Encouraging results, with few side effects, were found in children and adolescents, particularly those with anaplastic large cell lymphoma (ALCL), a type of blood cancer, and neuroblastoma, a nerve cancer arising most often in the adrenal gland and chest, according the research. Results of the Phase I trial were released May 16, 2012, by the American Society of Clinical Oncology (ASCO). The study will be presented at the ASCO 2012 meeting in Chicago on June 2, 2012.
“There is a major opportunity to personalize therapy for children with neuroblastoma and anaplastic large cell lymphoma by providing a relatively non-toxic drug that may allow us to lower the doses of conventional chemotherapy in the very near future,” said Yael P. Mosse, M.D., the COG study chair and an assistant professor of pediatrics at The Children's Hospital of Philadelphia.
This COG Phase 1 trial included 70 participants, whose average age was 10 years (the patients ranged from 1 to 21 years of age).
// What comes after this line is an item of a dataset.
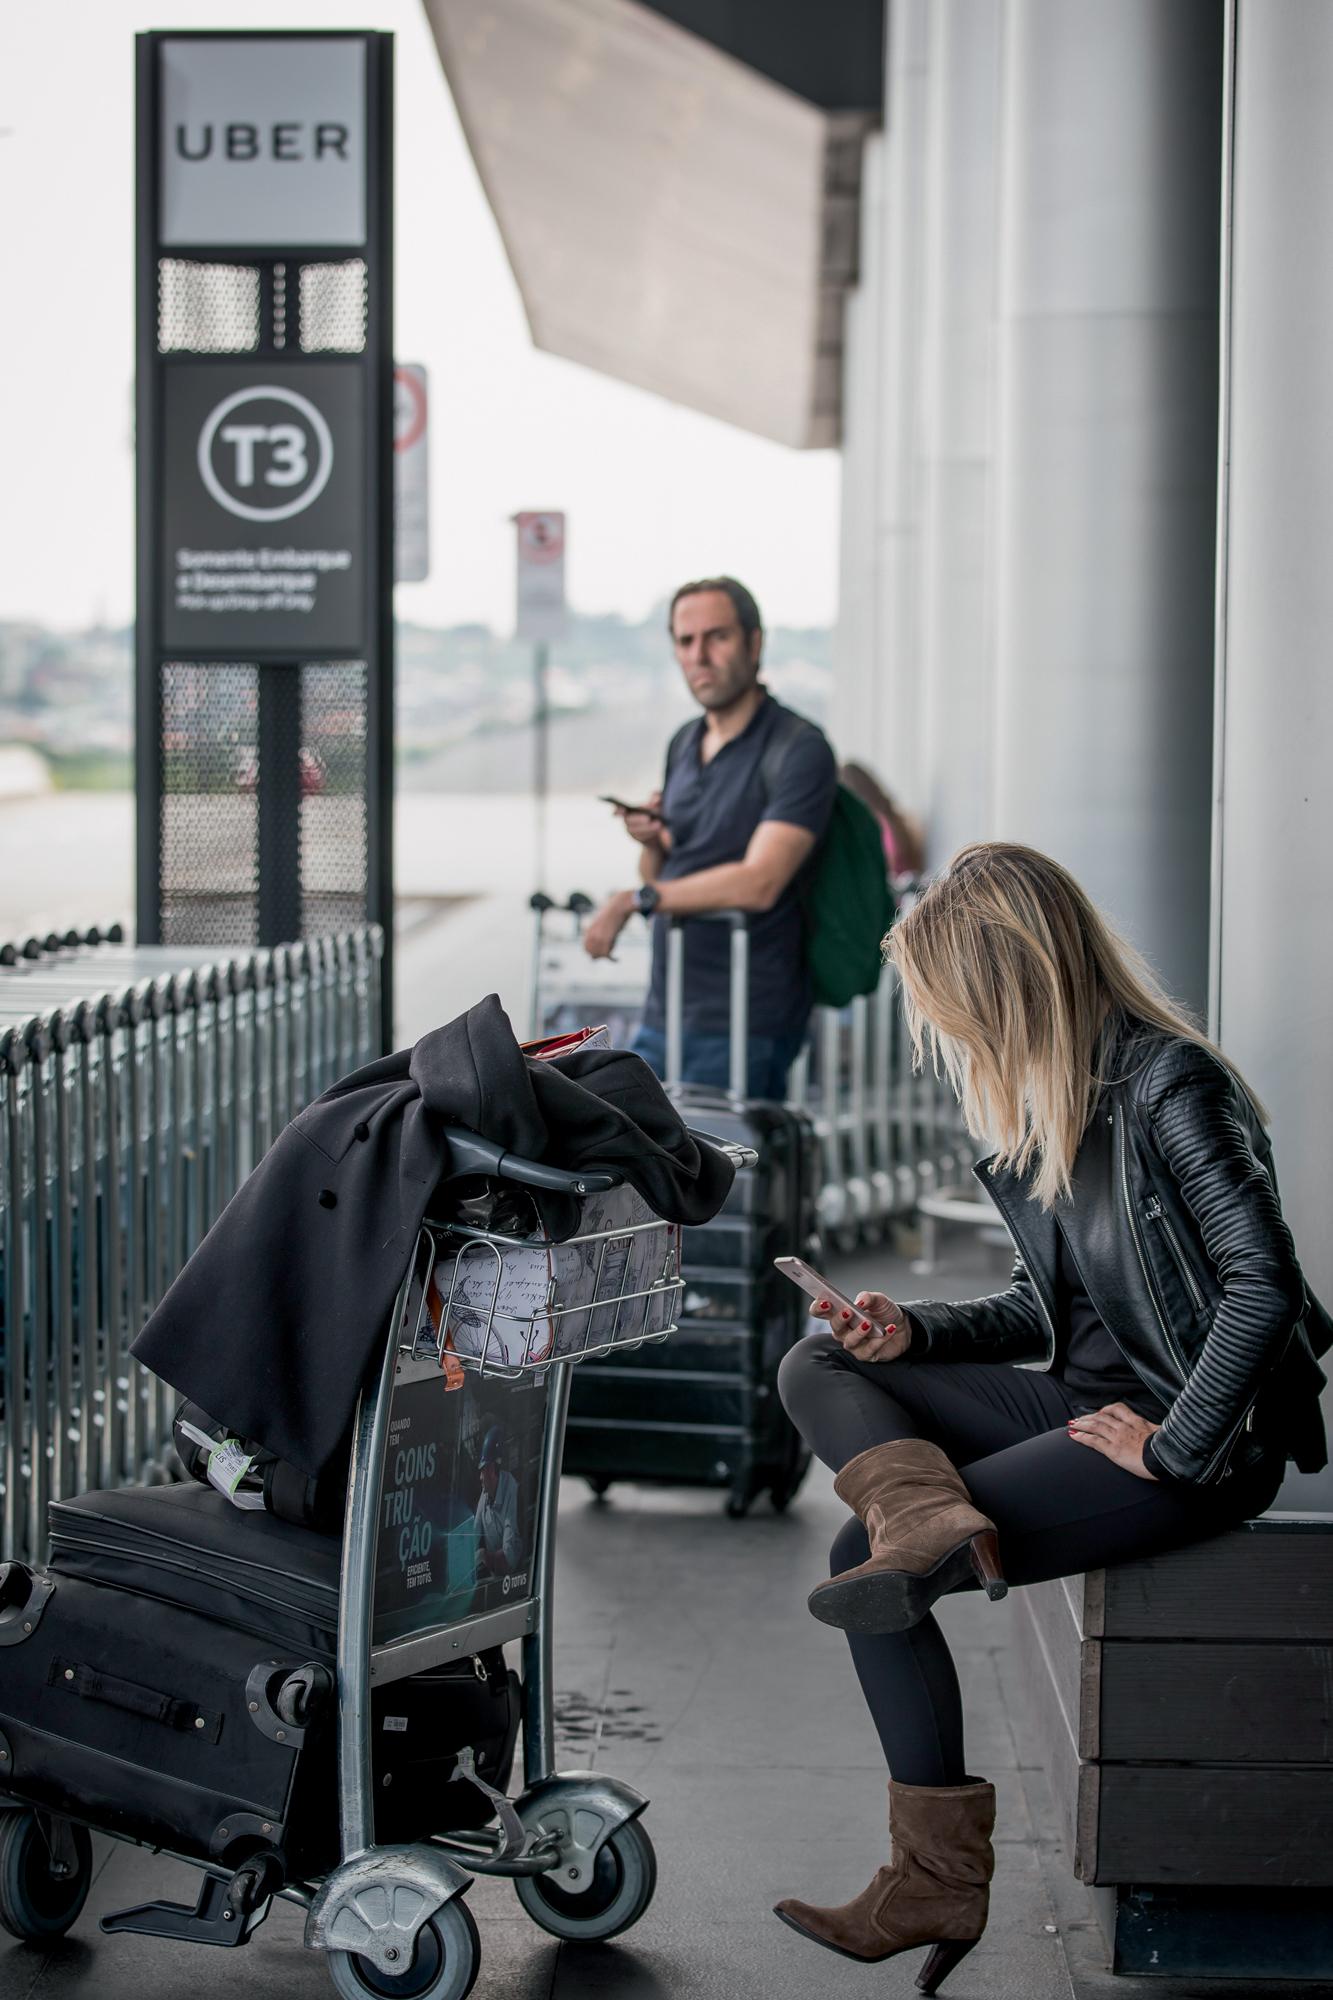 TESTE DE PACIÊNCIA -Espera longa: os cancelamentos deixam usuários à deriva -
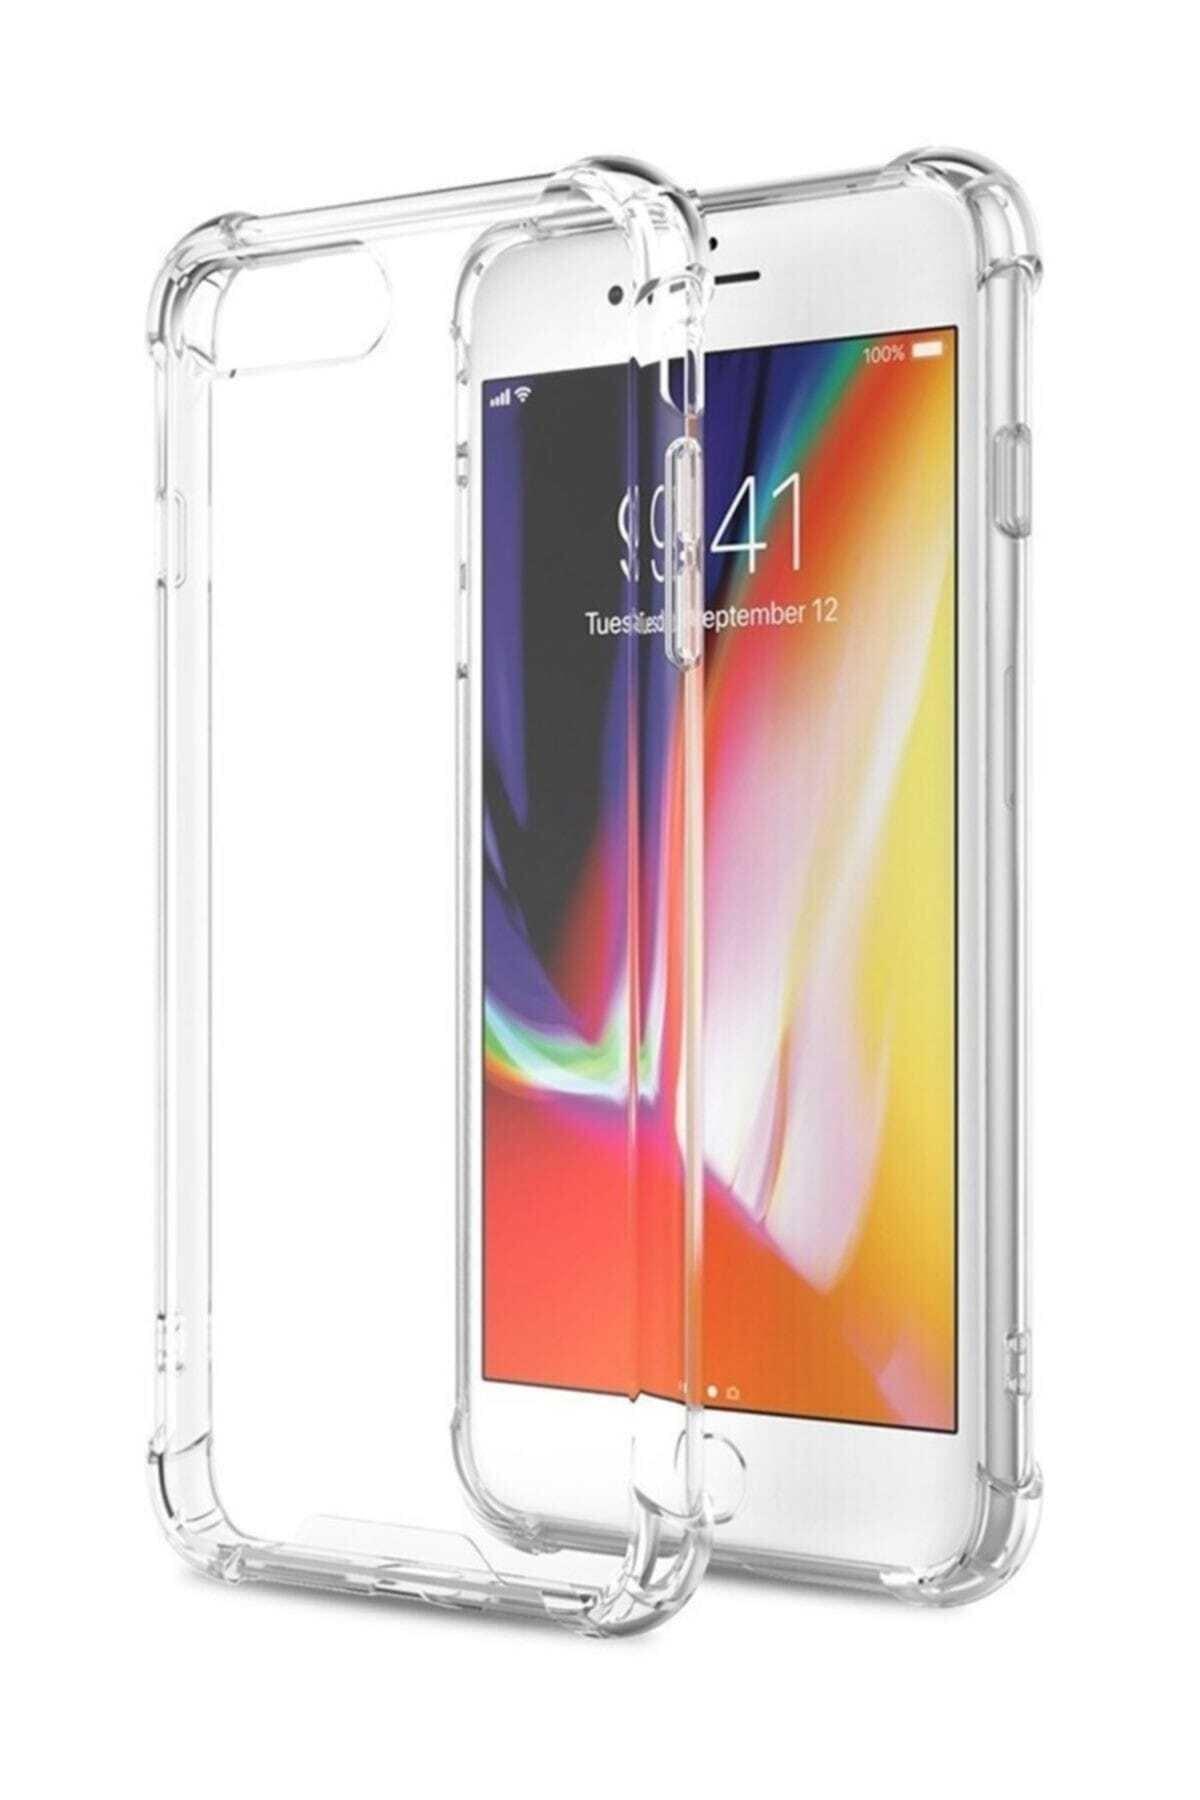 Telefon Aksesuarları Iphone 7 Plus - 8 Plus Ultra Ince Şeffaf Airbag Anti Şok Silikon Uyumlu Kılıf- Şeffaf 2

At admission, tumor tissue was tested for the presence of ALK gene alterations.
The COG investigators started the trial by providing dosages of crizotinib to their patients that were lower than those used in adults with NSCLC. The children and adolescents in this trial took crizotinib by mouth twice a day for 28 days and were allowed to continue the drug longer if their disease did not progress and if there were no signs of unacceptable toxicity. The investigators were able to safely increase the crizotinib dose through six dose levels with minimal toxicity, to a dose that exceeds that used in adults.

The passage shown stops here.